Spokane native Josh Scott, 39, credits a G.I. Joe action figure he found at a garage sale with triggering his first childhood nostalgia trip, and soon after, the launching of a vintage toy store here he named Time Bomb.
Scott says the G.I. Joe toy that he discovered in 1992 soon after graduating from Ferris High School intrigued him both because of its size and the memory of playing with the action figure.
"I started going to garage sales, and I found a 12-inch G.I. Joe," he says. "I grew up playing with the 3 3/4-inch G.I. Joe, and I didn't understand why this one was 12 inches. I did my homework, and I learned they were bigger in the 1960s and 1970s."
"That was my first hook," adds Scott, who is the sole employee at the store he operates in a leased 1,200-square-foot space at 711 N. Monroe, just north of downtown. "I started picking up older toys, mostly a lot from the 1950s and 1960s for my personal collection."
The hobby quickly became his vocation. He opened Time Bomb 17 years ago, then at the corner Sprague Avenue and Napa Street, east of downtown. The store has stocked some clothes and vinyl records, but mainly it carries vintage toys Scott has found at yard sales and estate sales.
Scott says he's operated the store at the Monroe Street location for nearly eight years now.
"I'm just trying to make Spokane a little cooler," he adds. "I figured out I could buy all-era toys, and sell them, so I could buy more for my personal collection."
The store's inventory includes older Hot Wheels miniature cars and classic Lincoln Logs sets as well as vintage lunch boxes, action figures, tin toys, steel toy trucks, comic books, and model kits.
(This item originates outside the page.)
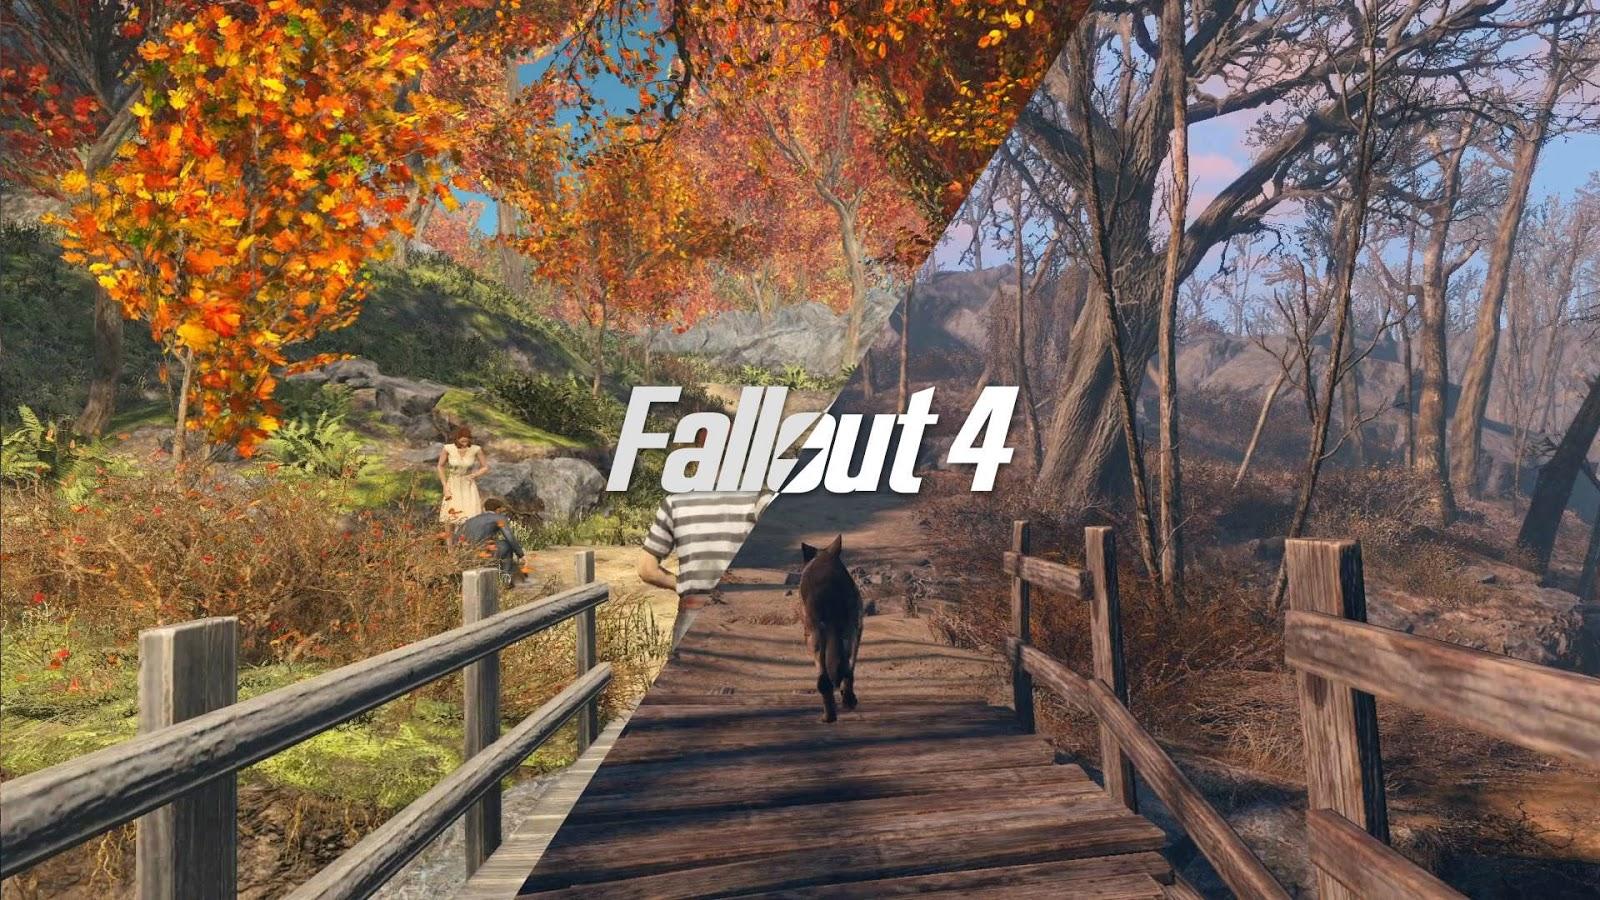 World Best Car Hd Wallpaper 1080p Fallout 4 Wallpaper

Other merchandise is tied to popular television shows and movies, such as "Star Wars," "Strawberry Shortcake," and of course, "G.I. Joe."
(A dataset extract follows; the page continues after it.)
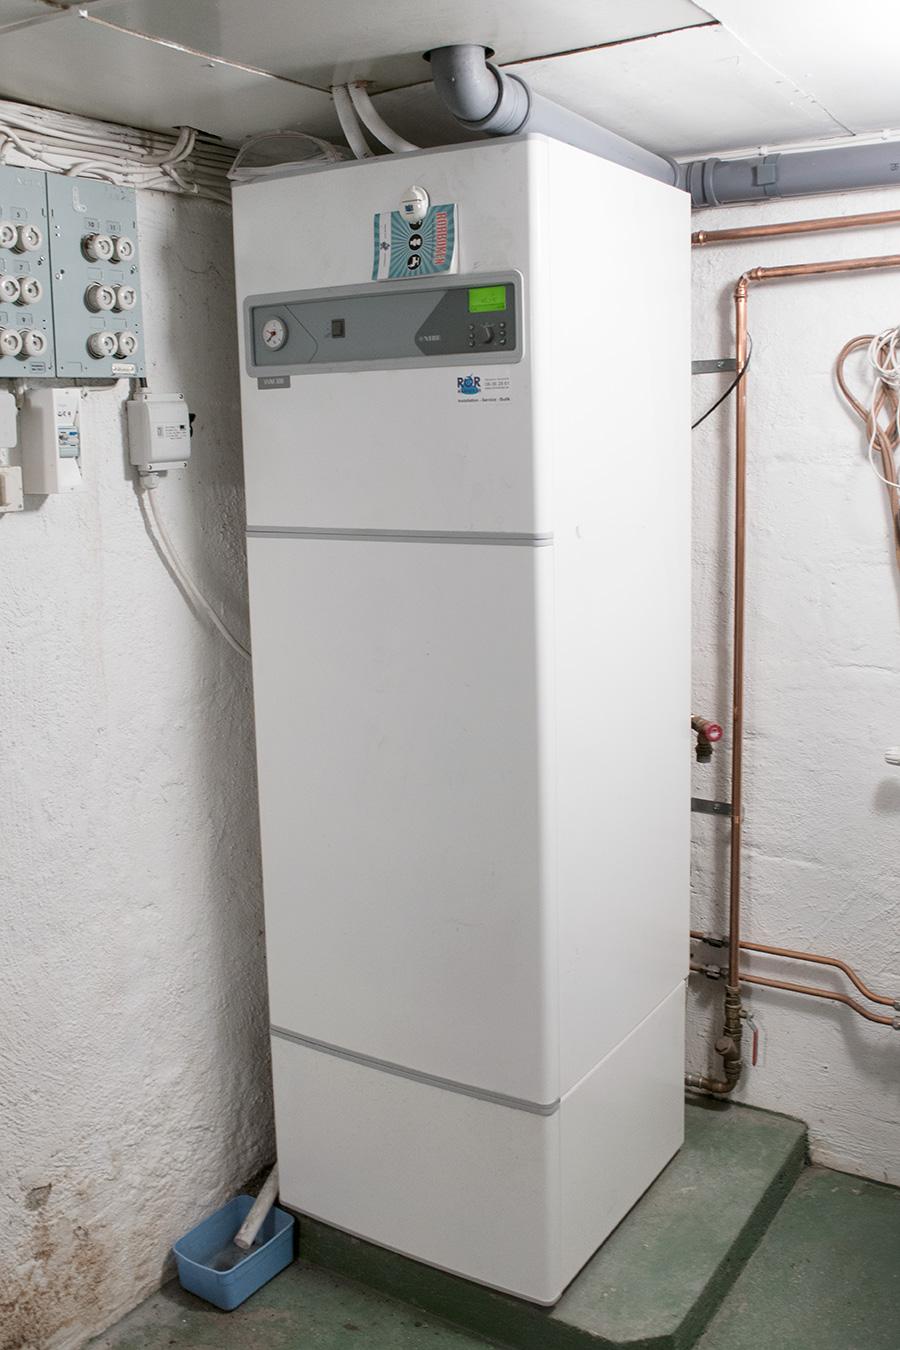 Inredning luft vatten värmepump pris : Luft/Vatten - Rörmannen

Some of Time Bomb's items for sale go back to the 1930s, but most of the toys in the store today first fell into children's hands from the 1950s through the 1980s.
"I try not to get into the 1990s," Scott adds.
Most store shelves are crammed full, with some items grouped by decade, others in a hodge-podge fashion, and certain spaces by the type of plaything, including a wall section with larger toy trucks.
Time Bomb's collection recently caught the attention of a Travel Channel television show, called "Toy Hunter." The show features episodes with toy dealer Jordan Hembrough traveling to U.S. cities in search of rare toys.
In a recent episode, Hembrough finds a Partridge Family lunch box in Time Bomb's store for celebrity collector Danny Bonaduce, who was the red-haired child actor in the early 1970s television show about a family pop-music singing group.
"'Toy Hunter' came here in March, and I was in an episode that ran in May, where they were finding toys for Danny Bonaduce," Scott says. "He's now a radio DJ in Seattle."
Scott says the majority of Time Bomb's toys are from the 1980s, to appeal to potential buyers from his own generation. When customers ask him about a toy, Scott's face quickly lights up with a childlike smile, and he often describes a little trivia about its history.
"The people who grew up in the 1980s now have decent jobs and are buying back their childhood," he says. "I usually get asked the most for the Transformers robot toys, and I don't have a lot because people held on to them or they were trashed because kids played with them so much."
He says other popular '80s items that Time Bomb carries include a line of toys from the TV show "Masters of the Universe," as well as hand-held electronic games.
"I sell a bunch of them tooPac-Man, Ms. Pac-Man, Galaxian," Scott says.
He says he finds most of Time Bomb's merchandise by going regularly to garage sales, usually on Fridays and Saturdays. "I don't open 'til noon," he says. "It's like a treasure hunt that I have to pay for."
He says he does buy items occasionally from people who come into the store offering to sell toys, but he estimates he receives only about 30 percent of his inventory that way. He offers to pay a portion of a toy's value based on online sources or information printed in a popular toy collecting book.
Prices for the toys stocked in Time Bomb currently range from $5 for a figurine and up to $150 for an older toy cap gun, Scott says. "I also price based on how bad I want to keep an item," he adds.
He admits it's getting harder to find toys from the 1950s and 1960s, but he still scores some of those playthings. Toys from these eras often hold a high price value nationally because they're sought by Baby Boomer collectors who were children then.
"Most of my customers are collectors," Scott says. "During Christmas, you get people coming in to buy for someone who is super hard to buy for."
Scott says his personal toy collection mainly includes Hot Rod toys and "Rat Fink" model kits. He says sales of toys at the store remain steady, and that revenue is up a bit from a year ago.
Meanwhile, he plans to continue treasure hunts in a quest to find those rare collectable items. Among his better finds in recent years, Scott says he once found a Major Matt Mason action figure still in its box at a rummage sale. Elsewhere, he found a space station replica set, also still in the box.
Scott adds, "To be in a box, in the original packaging, is always a plus."